The Hundred-Year-Old Man Who Climbed out of the Window and Disappeared by Jonas Jonasson, translated by Rod Bradbury (Hesperus Press)
The Hundred-Year-Old Man is the story of Allan Karlsson who escapes from the drab nursing home on the day of his 100th birthday. Out the window he goes, still in his slippers and there the adventure begins. He travels all over the world, meets the most powerful figures of the twentieth-century and even plays a central part in the major historical events of the twentieth-century. The story is ludicrous. But from the first few pages I was drawn into this whirlwind tale of exhilarating scandal and crime.
Jonasson has created a very likeable character who I forgave very quickly for the appalling crimes he committed. Allan Karlsson is carefree and has a childlike quality about him, which perhaps explains why I find him blameless. This extraordinary centenarian makes us laugh, and yet Allan does not think of himself as a funny man, so we are perhaps laughing more at him than with him.

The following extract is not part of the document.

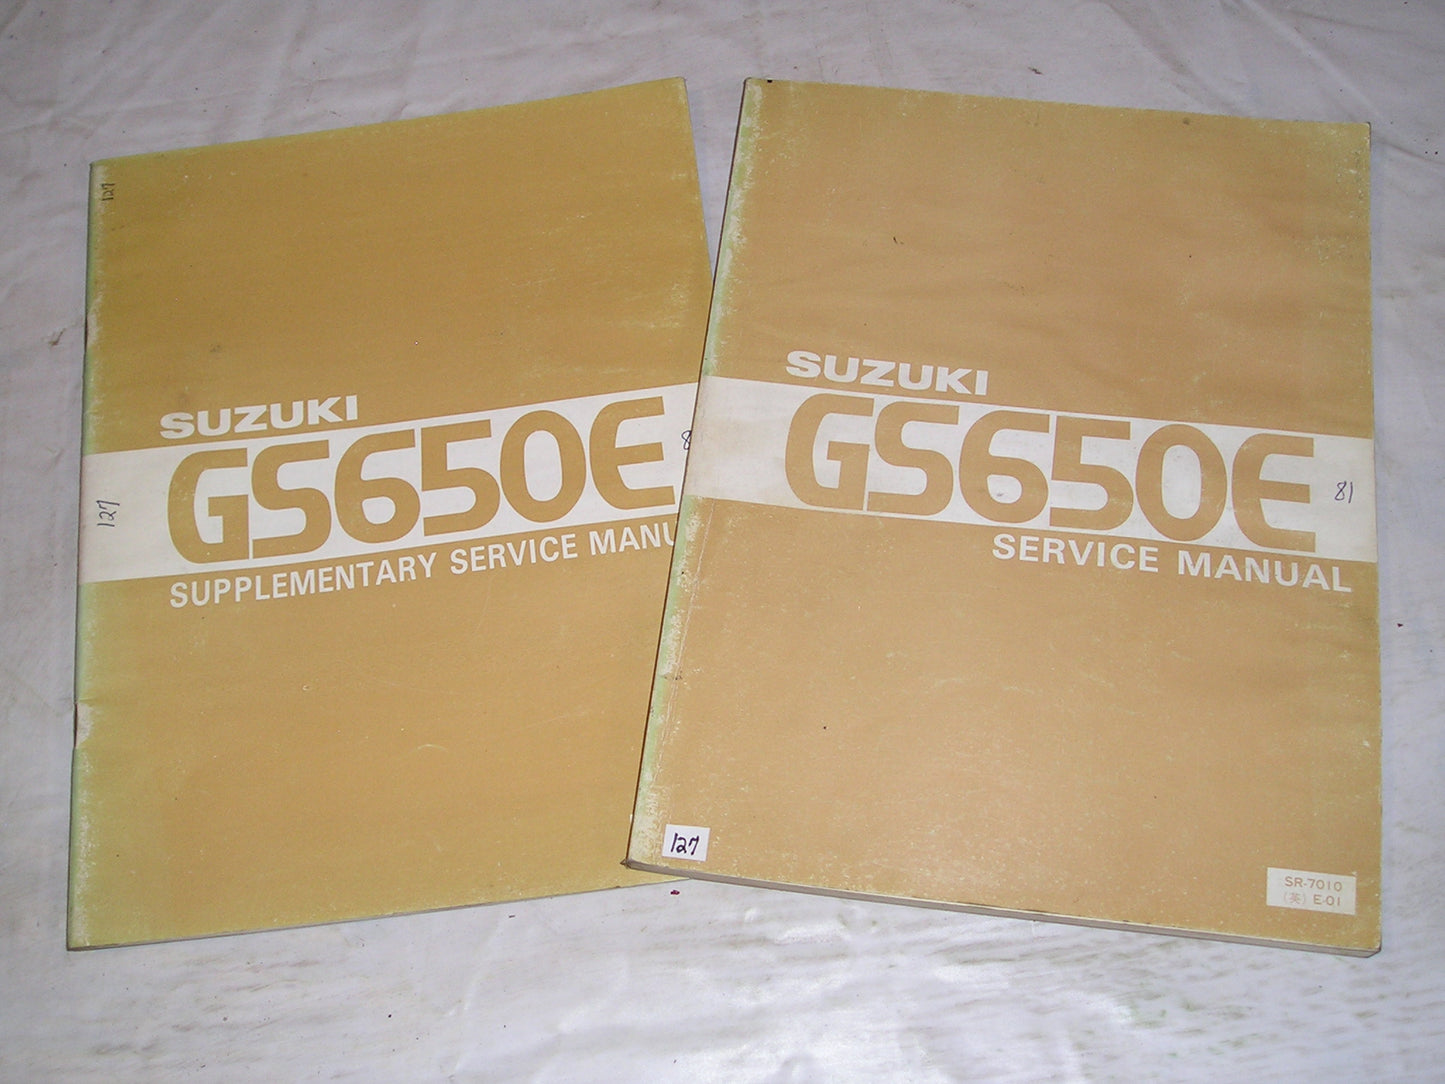 SUZUKI GS650 E EZ  1981-1982 Service & Supplement Manuals  SR-7010 E-01  99501-36010-01E  #127
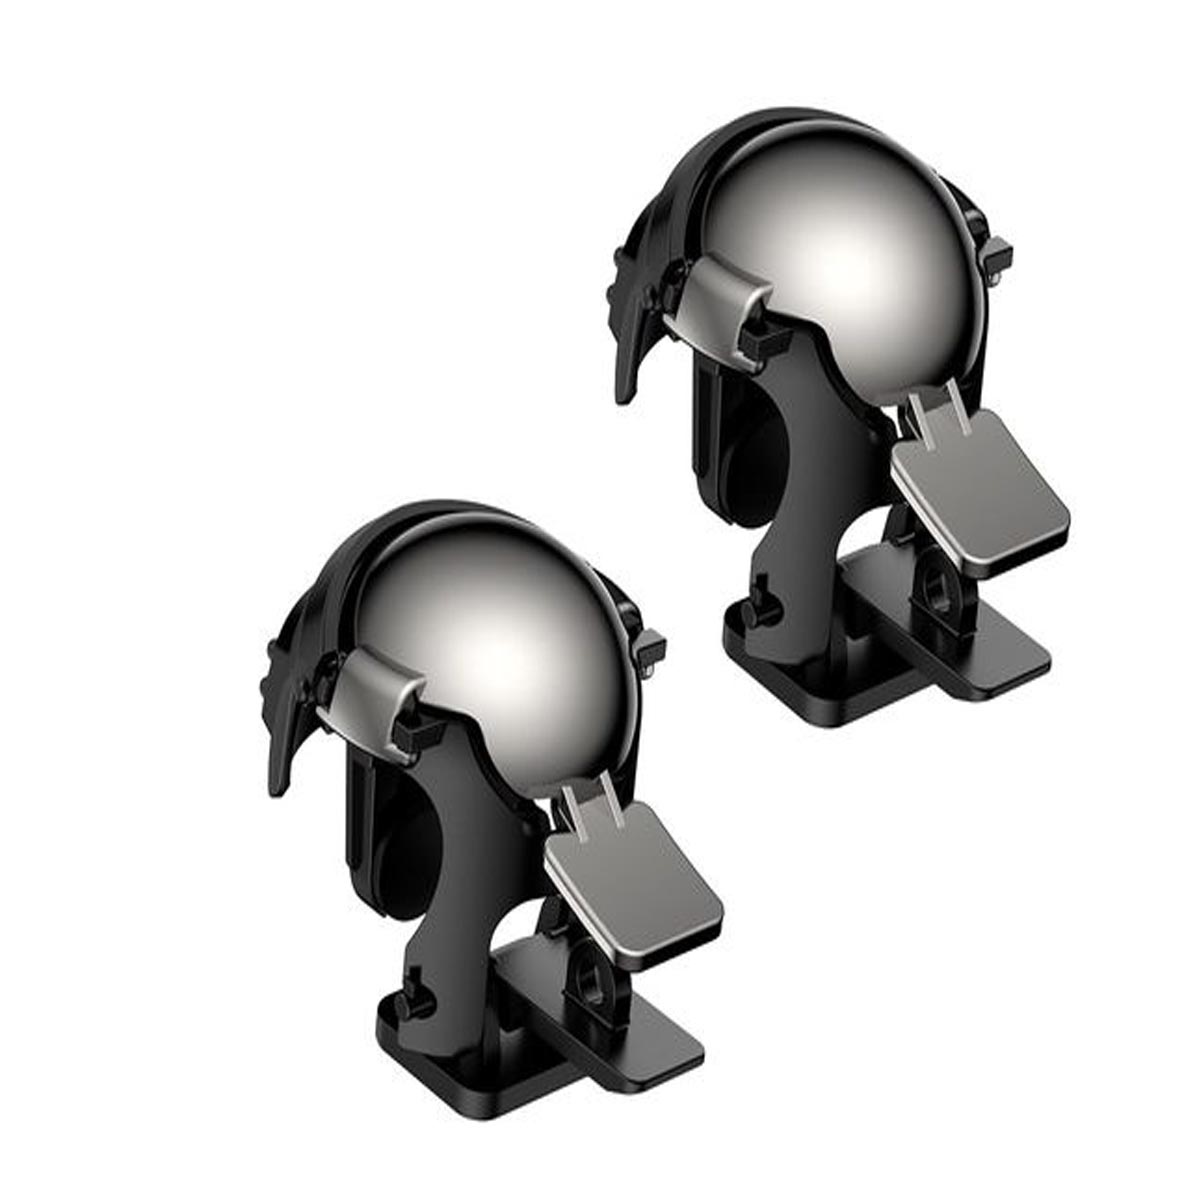 Геймпад-триггер BASEUS GMGA03-A01 Level 3 Helmet PUBG Gadget, цвет черный

This Scandinavian dark comedy novel is an International bestseller and has already been made into a film to be released this year before it hits UK screens in 2014. If you haven’t read it already, then you should get ready to meet Allan and all his associates on their big adventure: it includes an elephant, guns, vodka and more vodka – and that is just the tip of the iceberg!
Who better to span the last century than a 100-year-old man called Allan Karlsson?